Consider hiring a credit repair company if:

  • You have multiple complex errors
  • You're dealing with identity theft
  • You don't have time to handle disputes yourself
  • You need help negotiating with creditors

The Bottom Line

Credit score drops are scary, but they're usually fixable. The key is acting quickly once you notice the drop. Don't panic—focus on identifying the cause and taking immediate action.

Remember: Your credit score is a snapshot of your financial behavior. One mistake doesn't define your financial future. With the right approach, you can recover from almost any credit score drop.

Quick Action Checklist

When your credit score drops:

  • Pull all three credit reports immediately
  • Identify what changed from your last report
  • Contact creditors if there are errors
  • Pay down high balances
  • Set up autopay for all bills
  • Monitor your credit monthly going forward

Your credit score will recover. Focus on the actions you can control, and be patient with the process. I've seen people bounce back from 500 to 750+ in less than two years with the right strategy.

FAQ

Q: Can checking my credit score make it drop? A: No, checking your own credit score is a "soft inquiry" and doesn't affect your score.
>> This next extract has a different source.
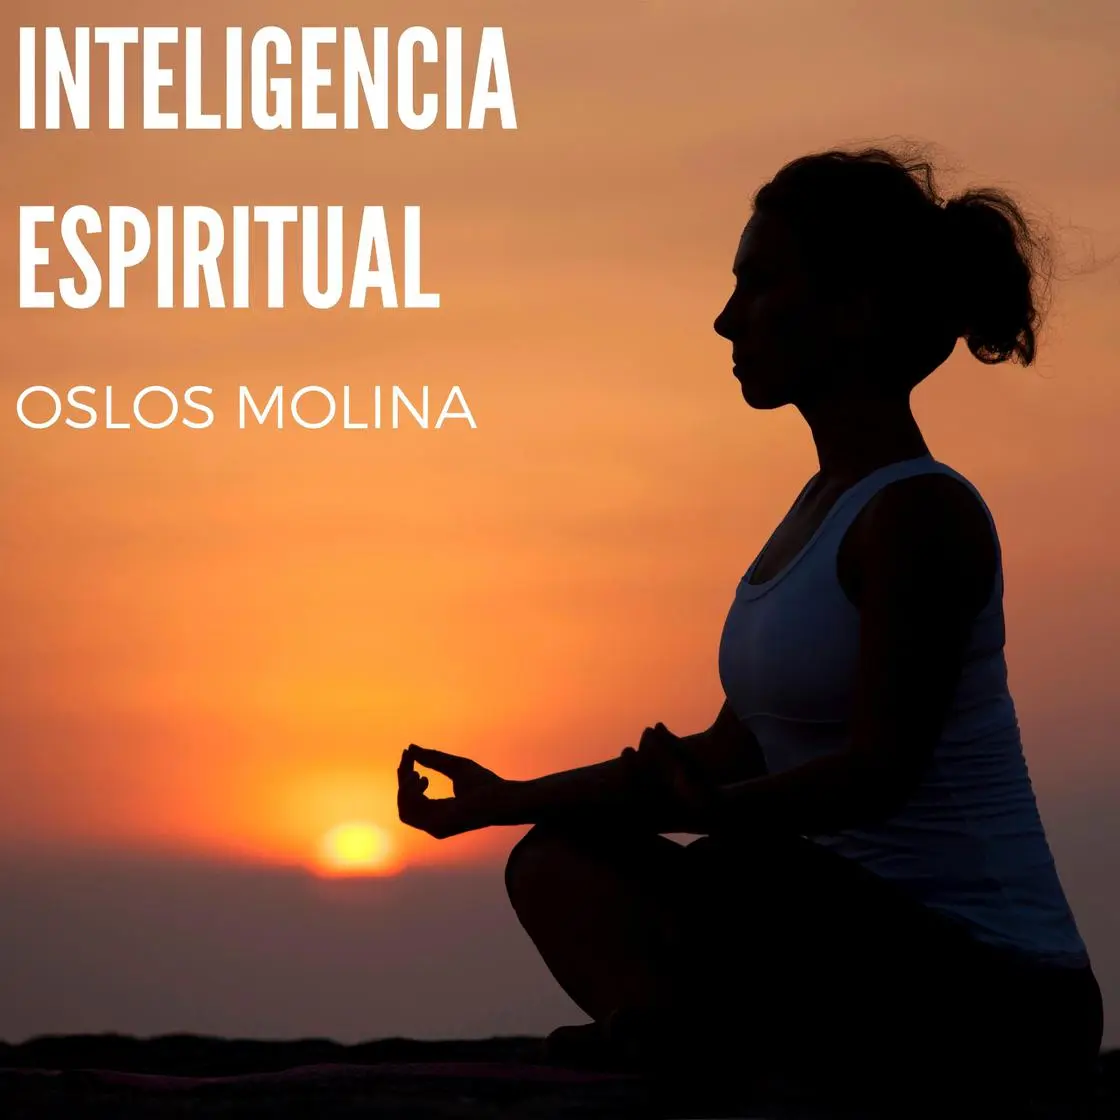 inteligencia espiritual - Cómo se obtiene la inteligencia espiritual

Q: How much can my score drop from one late payment? A: It depends on your current score, but I've seen drops of 60-110 points from a single late payment.

Q: Will paying off collections immediately improve my score? A: Not necessarily. Paid collections still hurt your score, but they're better than unpaid ones.

Q: Should I close credit cards I don't use? A: Generally no, unless there's an annual fee. Keep them open to maintain your credit history and available credit.